Our guide Ali, was incredible. In fact, I'd suggest you phone ahead to make sure he's your guide when you visit. He told grim stories and always broke them down to their elements. How people were separated and pitted against one another. How a tiny minority controlled a vast army of slaves. How you keep oppressed people down, how you keep them away from education, how you remove any shred of self-worth, and how you make it seem like there's no other option but to do the work they are forcing on them.

He also connected those lessons to today. How we still continue to repeat these brutal processes to keep much of humanity down. How we live in a country where 1% controls the other 99% and makes laws to benefit the 1% and the other 99% go along with it.
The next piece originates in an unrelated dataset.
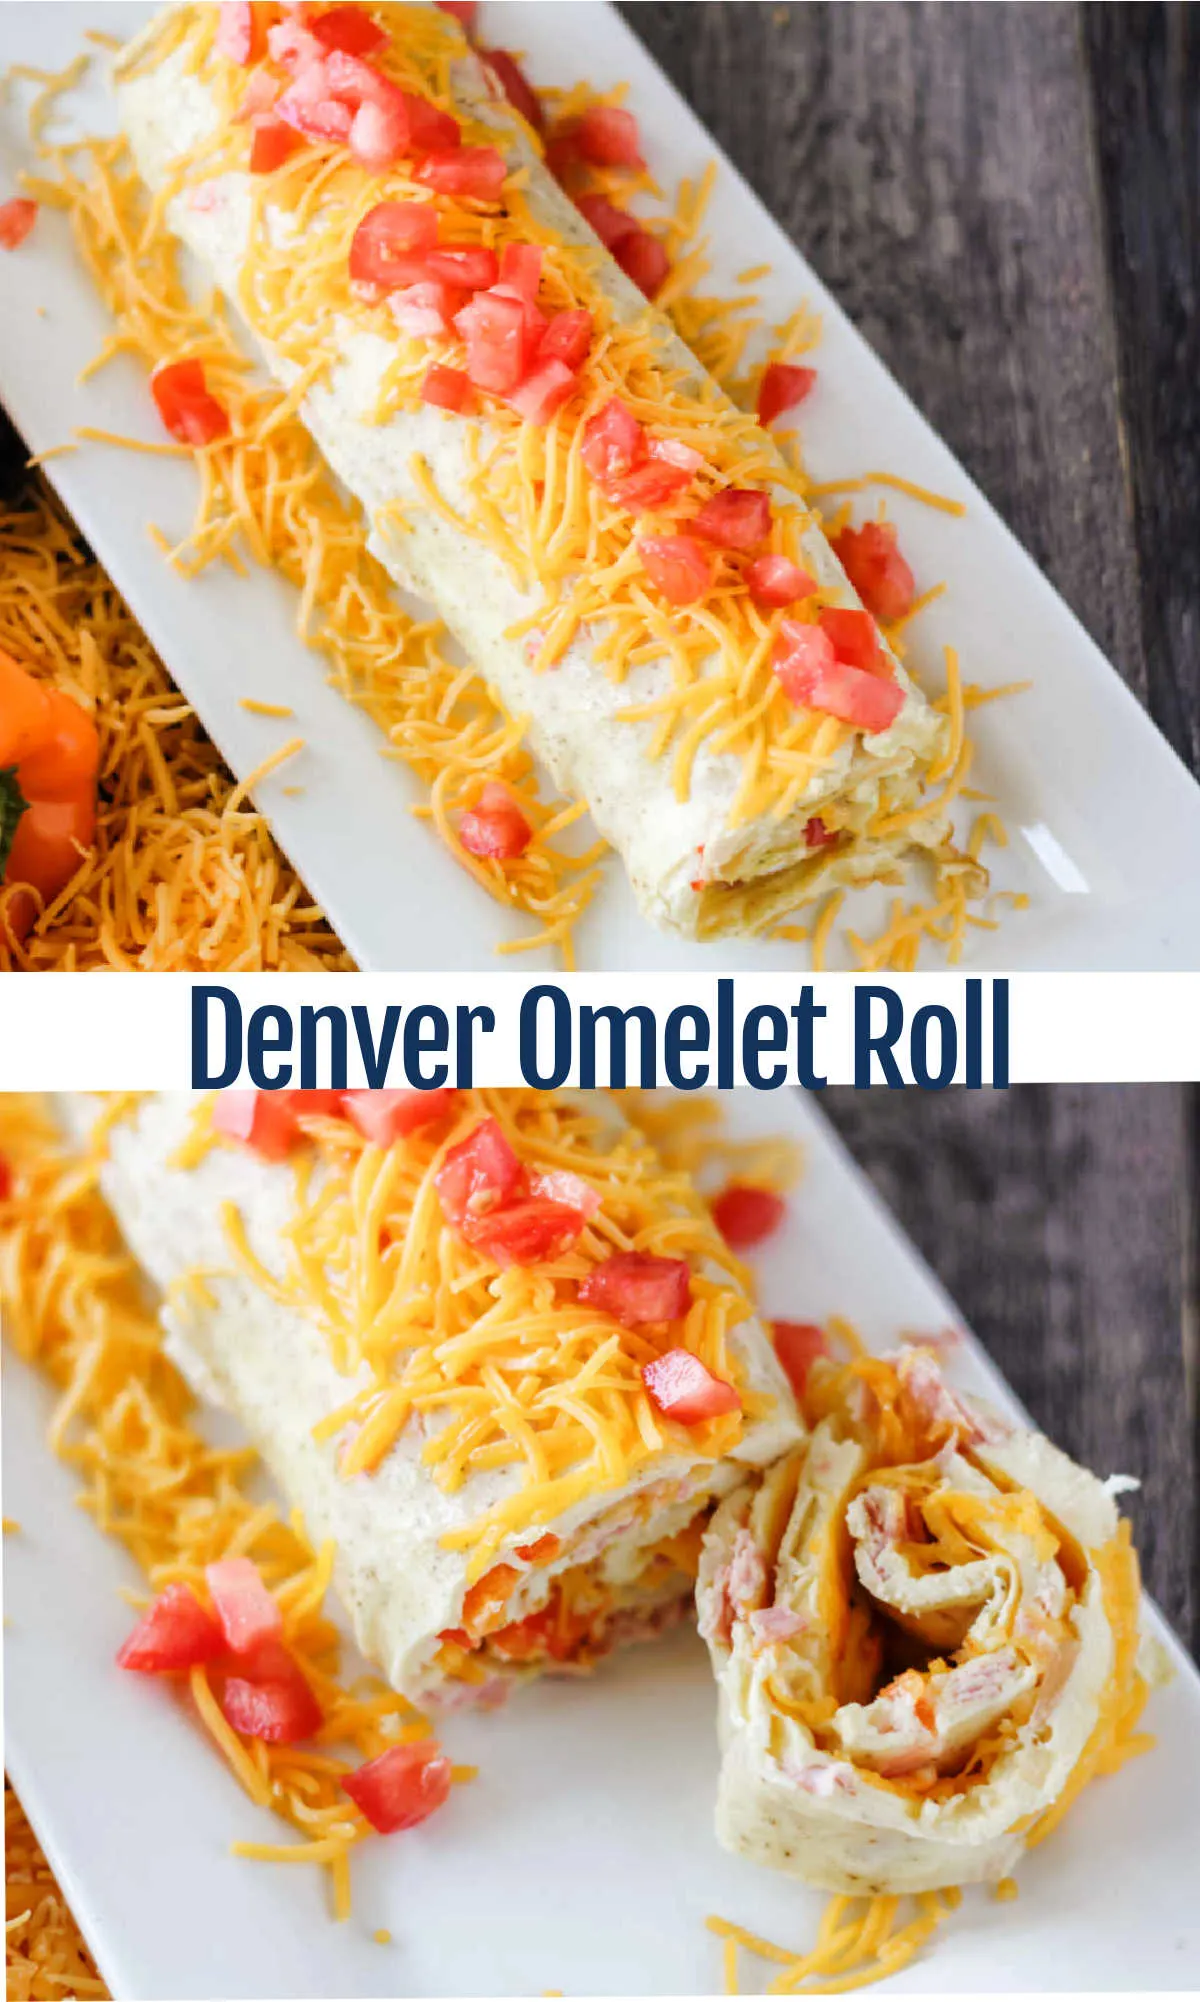 Make this fun Denver omelet roll for your family's breakfast. It's a great way to make omelets for the whole family at once!
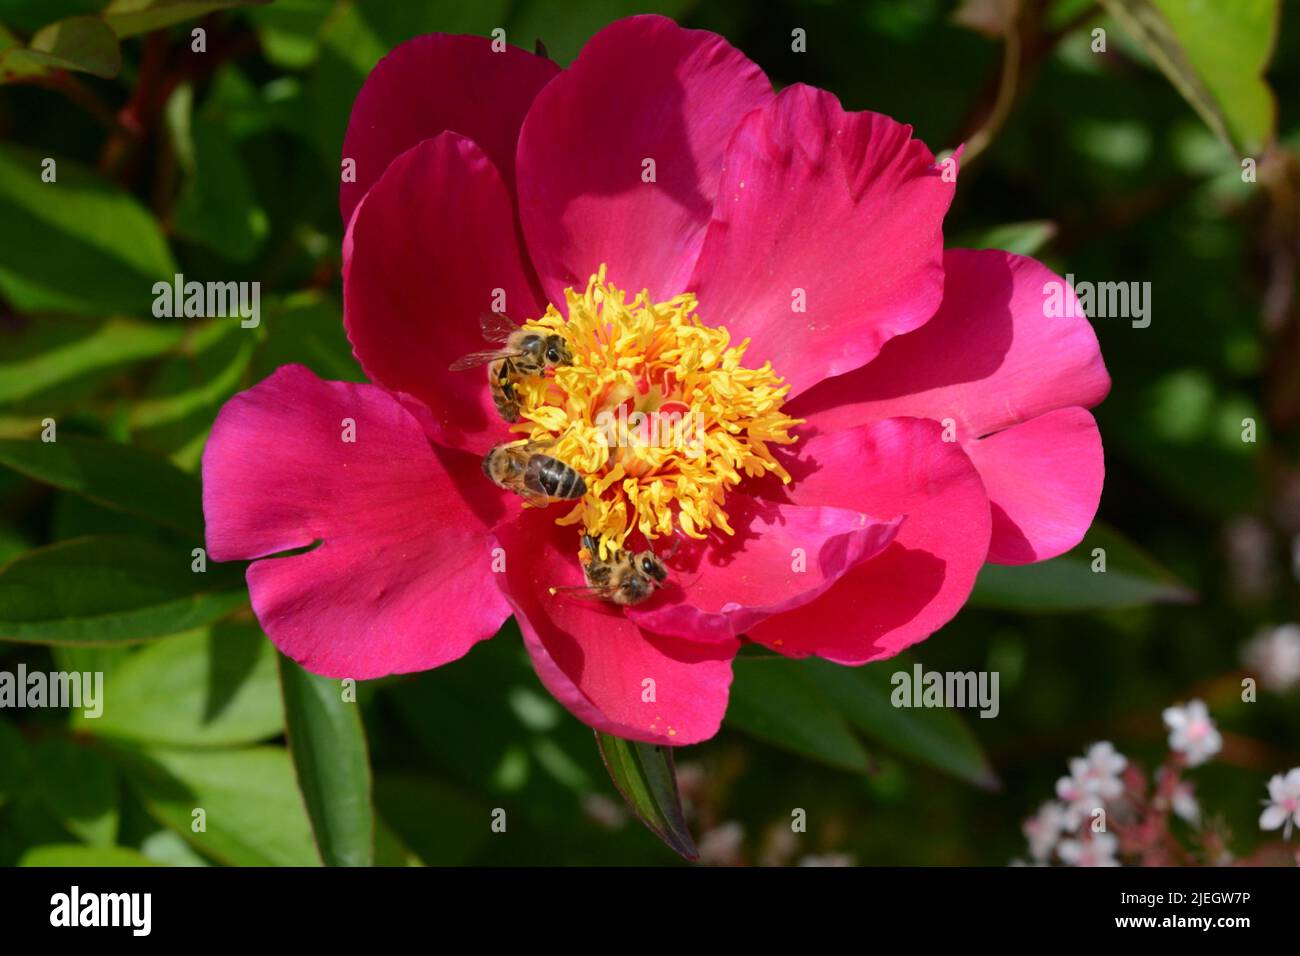 Honey bees foraging on Paeonia lactiflora Mistral Mistral peony flower Stock Photo

How tools of oppression worked then and still work today (we passed a large for-profit prison on the way to the plantation, which provides a sub-minimum wage workforce to companies in Louisiana and offers little-to-no rehabilitation to help prisoners escape the system)

Overall, it was a sobering and haunting day, and I'm still weighing the gravity of the visit. I would recommend anyone wanting to know more about slavery should visit the Whitney Plantation.

It was an incredible experience I won't ever forget.